June 14, 2007 00:00:00


BRUSSELS, June 13 (AFP): China faces a backlash of "impatience and anger" if Beijing fails to redress increasingly lopsided trade relations with the European Union, EU trade chief Peter Mandelson warned yesterday.
In "frank, concentrated and prolonged" talks in Brussels with Chinese Trade Minister Bo Xilai, Mandelson stressed that the European Commission could be forced to take action against China if Beijing held back European exports.
"If European public opinion is not satisfied that the Chinese authorities are ... putting aside what we regard as unnecessary obstacles and barriers to our market access, then impatience and anger is going to rise," he said.
As a result, "pressure is going to come on us at the (European) Commission to start limiting in different ways the access that Chinese producers and exporters have to our market," he told journalists.
The European Commission is concerned about what it sees as Europe's increasingly unbalanced trade relationship with the growing Asian economic giant, blaming Chinese trade barriers and a lack of respect for intellectual property rights.
The EU ran a trade deficit of 128 billion euros (171 billion dollars) with China last year and the shortfall is likely to ballon to 170 billion euros this year on current trends, according to figures from the European Commission.
China is Europe's fastest growing trade partner, with Chinese exports to the EU expanding by 15 to 20 per cent every year.
Fuelling fresh tensions with its major trade partners, Chinese figures released Monday showed that China's trade surplus surged by nearly 73 per cent in May from a year earlier.
In Mandelson's talks with Bo, China acknowledged "for the first time" that the increasingly unbalanced trade relation was a problem that needed to be solved, according to the EU trade commissioner.

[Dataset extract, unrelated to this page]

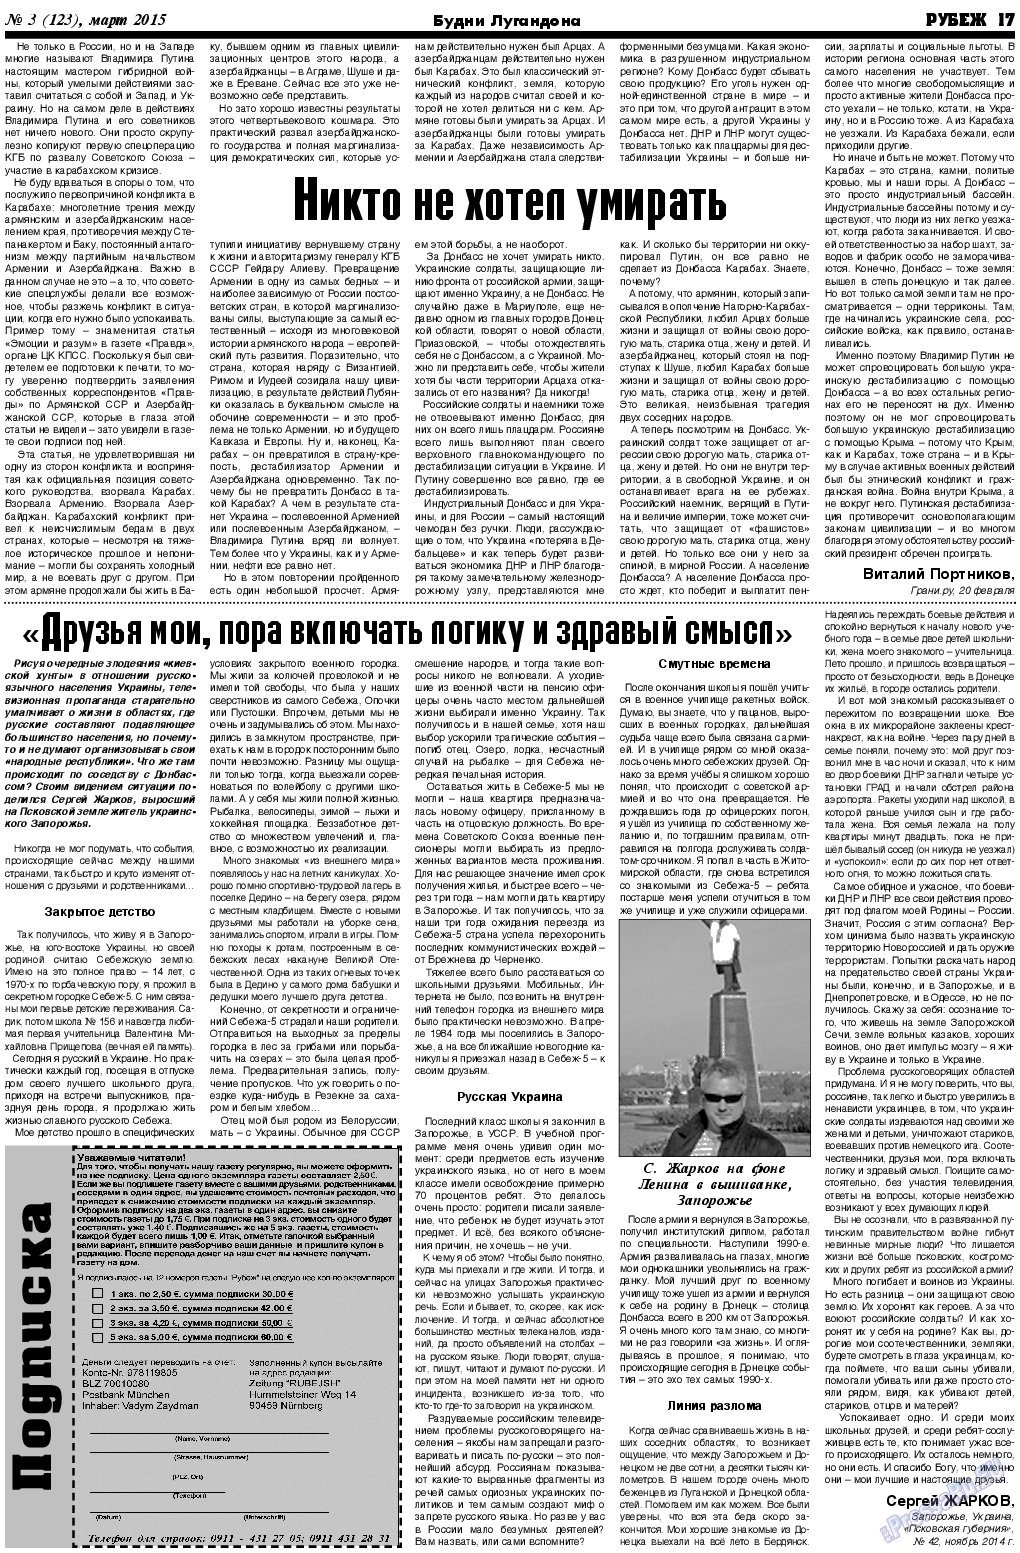 Рубеж, газета. 2015 №3 стр.17

"We need to look very seriously at what is causing this spiralling deficit" in Europe's trade position with China, Mandelson said.
"I heard for the first time from the lips of a Chinese government minister that something must be done," he added.
Mandelson said that while he and Bo had not "agreed on solutions," they had "discussed the reasons and the factors of the deficit in a very intensive way for a very long time."
As the web of trade between China and the EU grows tighter, Brussels and Beijing have clashed in recent years over numerous issues ranging from Chinese clothing exports to copyright piracy.
In their disputes, Mandelson has sought a softer line than Washington, notably by negotiating bilateral deals with China rather than head-on confrontation by opening cases at the World Trade Organisation (WTO).